Unnamed: 0,Model,Best Score,Best Params
0,Linear,0.654386,{'poly_features__degree': 1}
1,Lasso,0.652426,"{'lasso__alpha': 0.01, 'poly_features__degree': 2}"
2,Ridge,0.662915,"{'poly_features__degree': 1, 'ridge__alpha': 10}"


Looking at the model above, we can see that the models all achieved a similar R-squared value of around '0.65'. This means that my best models can explain about 65% of the variance in the dependent variables. Note that real world models will never achieve a perfect 100% score, as real world data tends to have many inaccuracies and complicating factors that cannot be easily quantified.

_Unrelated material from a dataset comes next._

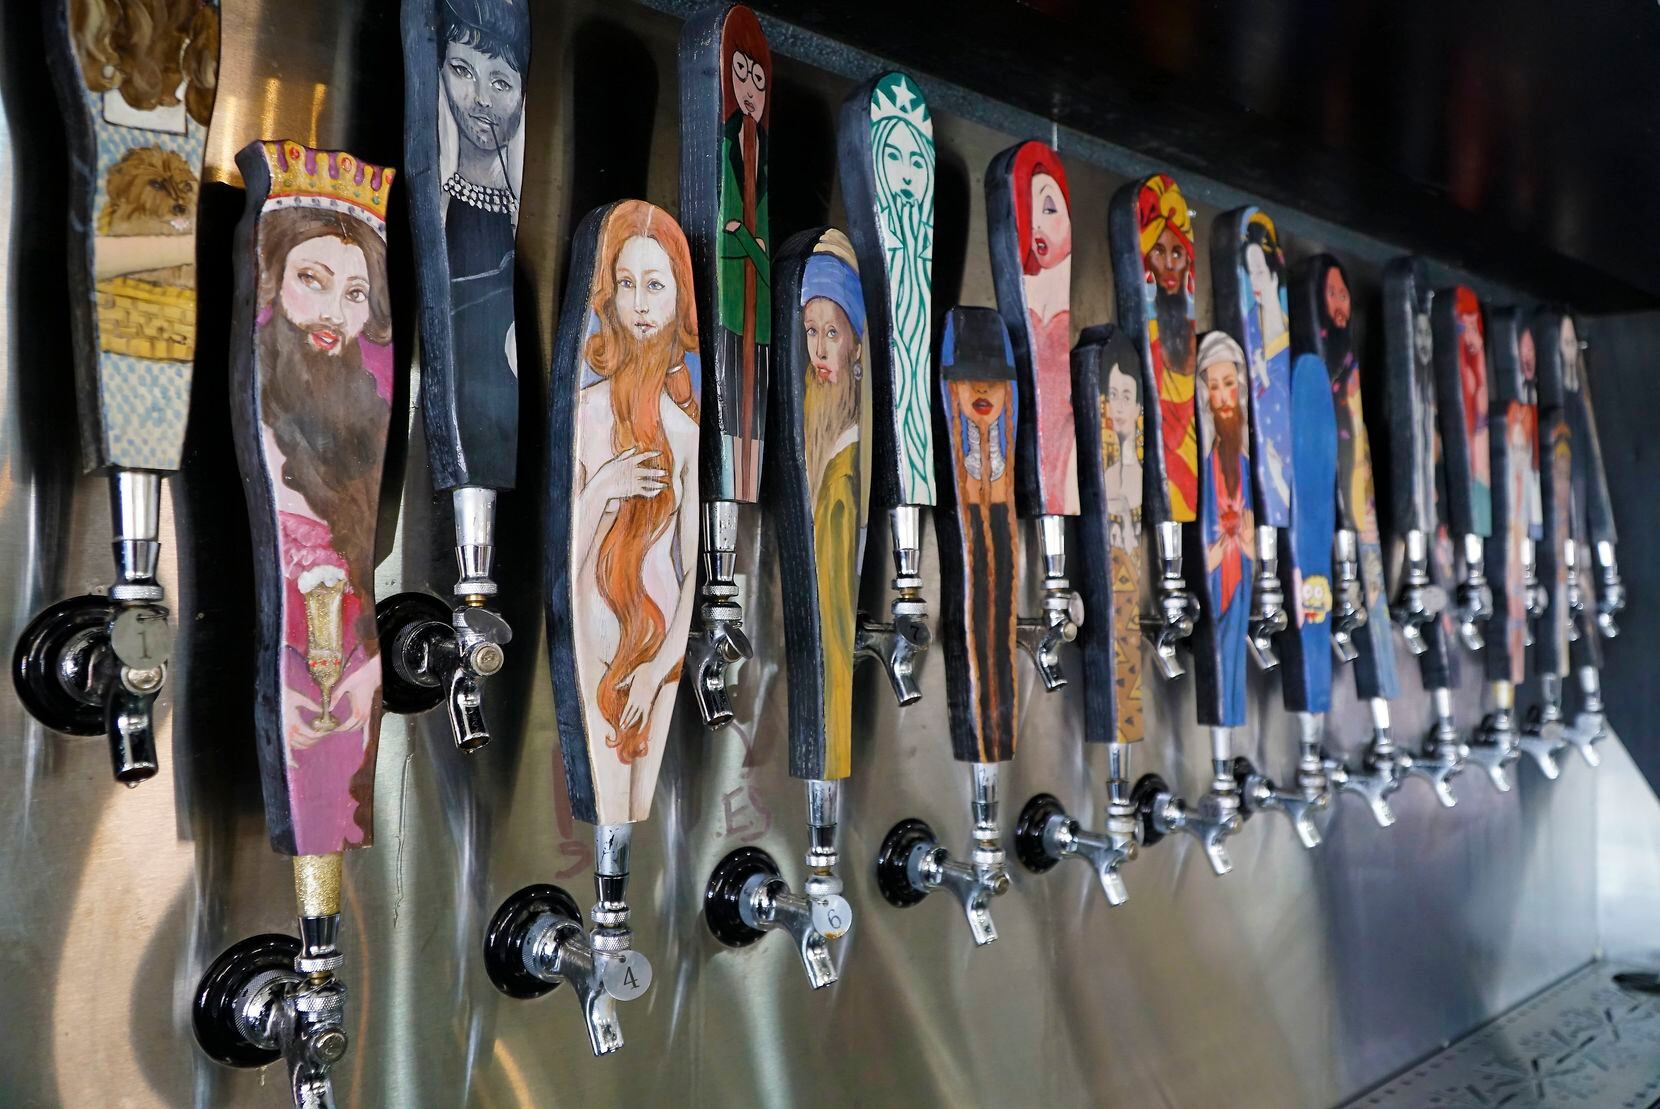 The beer taps are unique at The Bearded Lady Restaurant in Fort Worth.

This score is fairly good by this metric, and any of these three models could be considered as viable models for regression.

Looking at the performance of the models, the linear model performed well with no polynomial features, and seemed to struggle to converge with the higher polynomial features. In fact, only the Lasso model found success with the polynomial features greater than 1. The Lasso model only successfully converged when the alpha was low, which is when the performance is most similar to Linear Regression. Most of the models did not converge with higher polynomial features and with higher alpha values, so future research should focus on low alphas and ignore large polynomial features. 

The performance of the models is not significantly different enough to warrant any model being strictly better than the others. Given the nature of 5-fold cross validation, there is a degree of randomness in these scores, and in fact running the models again may produce slightly different results. Since the performance of the models is comparable, I would recommend that the next criteria for judgement be the time to fit and tune the model. Looking closely at the results, the Ridge regression model had the lowest mean fit time and mean score time. The score of the ridge model is slightly higher than the others, so combining these factors, the Ridge model is the one I would recommend for future analysis.